The pictures on the symptoms page gave a very good visual representation of the thickening of bones (jaw, ulna, etc). The picture of the patient with the expanded jaw, while being slightly creepy, makes it much easier to comprehend the extent to which the disease can affect a person.

Zachary McCormack said

at 10:29 am on Nov 5, 2009

Good job, and nice pictures. The effects page does a great job of visually showing the symptoms. The first and second pictures do the job nicely. I didn't even know it was possible to have that large of a jaw. It also is fascinating that people with van buchem syndrome can't feel do to nerve entrapment.

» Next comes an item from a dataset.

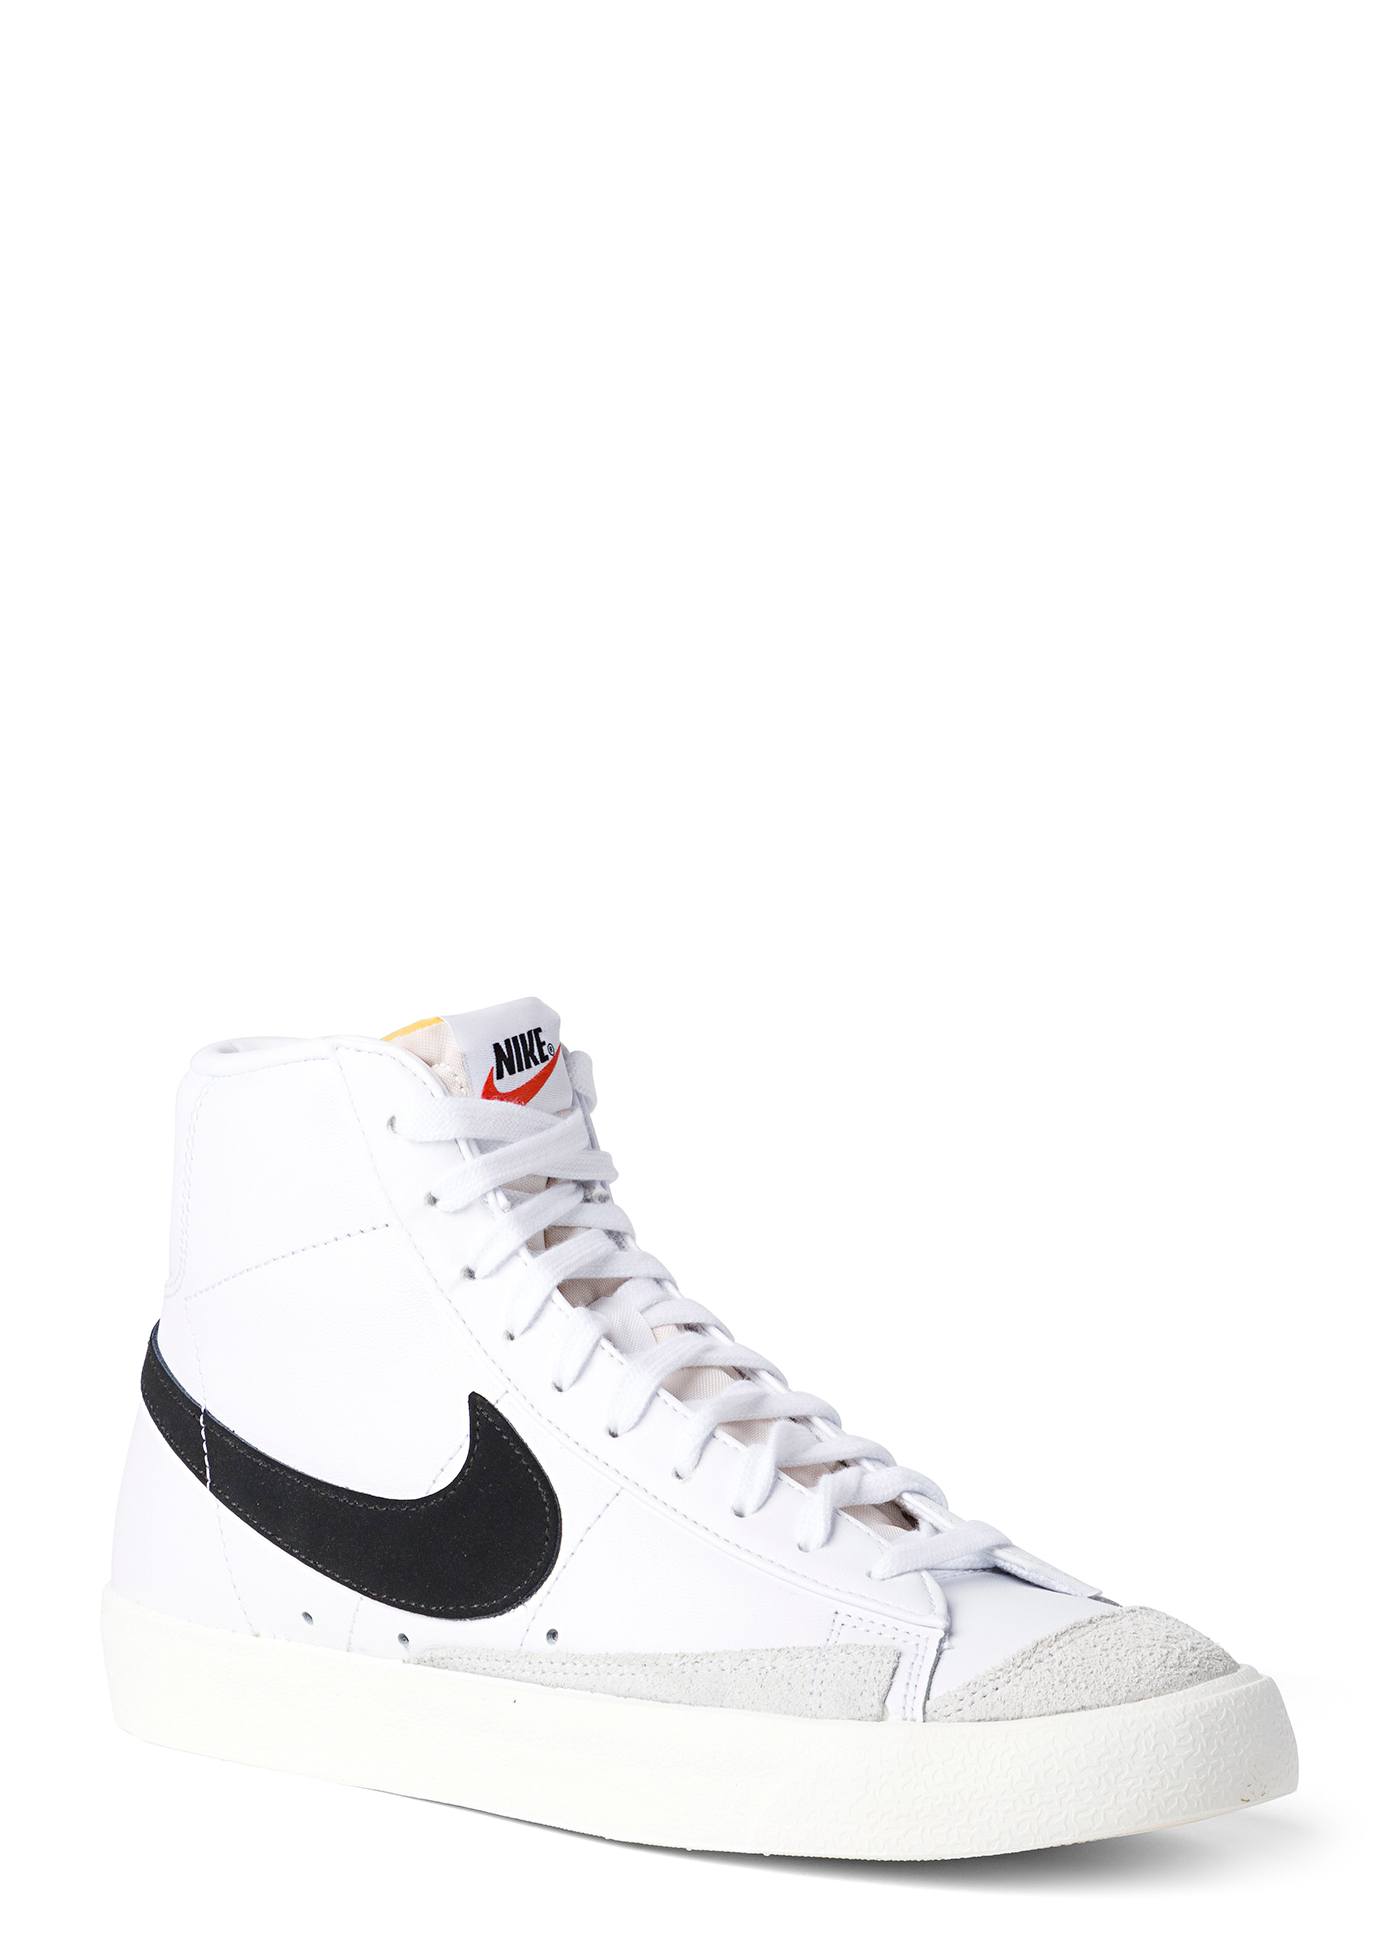 Nike Blazer Mid '77 Vintage image number 1

That would be a very weird experience.

Matthew Riggen said

at 10:43 am on Nov 5, 2009

The images really cleared the disease up for me. If you had done just words, I would've thought that the skeleton was just very, very strong. But since you included the old woman picture and the scale picture, I have a sharper image of Van Buchem Syndrome.

Kaleigh Volpp said

at 10:43 am on Nov 5, 2009

It's nice to know that the diagnosis is as simple as an x-ray, sad to know that there's no treatment. I really like the picture of the skulls on the scale also. It gave me a clear understanding between the density of a normal skull and someone with Van Buchem's Syndrome.

Jacob Halbert said

at 10:44 am on Nov 5, 2009

i thought the pictures on the symptoms page showed very well the symptoms and some of the chracteristics that patients with van buchem syndrome. i thought some of the facts were very interesting about this syndrome such as that this disorder is most commonly found in in-bred families. also i have noticed that most of these disorders are specified with a particular ethnic group and the intro pagecstates that this disorder doesnt occur in one specific ethnic group.

Alysse Gatmaitan said

at 10:58 am on Nov 5, 2009

This wiki definately went into a lot more depth thatn any ohter wiki i have looked at. The large amount of links were very impressive, you included so much information. The authors note on the home page goes into great detail of how research of this disease can help with treatment of other bone diseases like osteoporosis.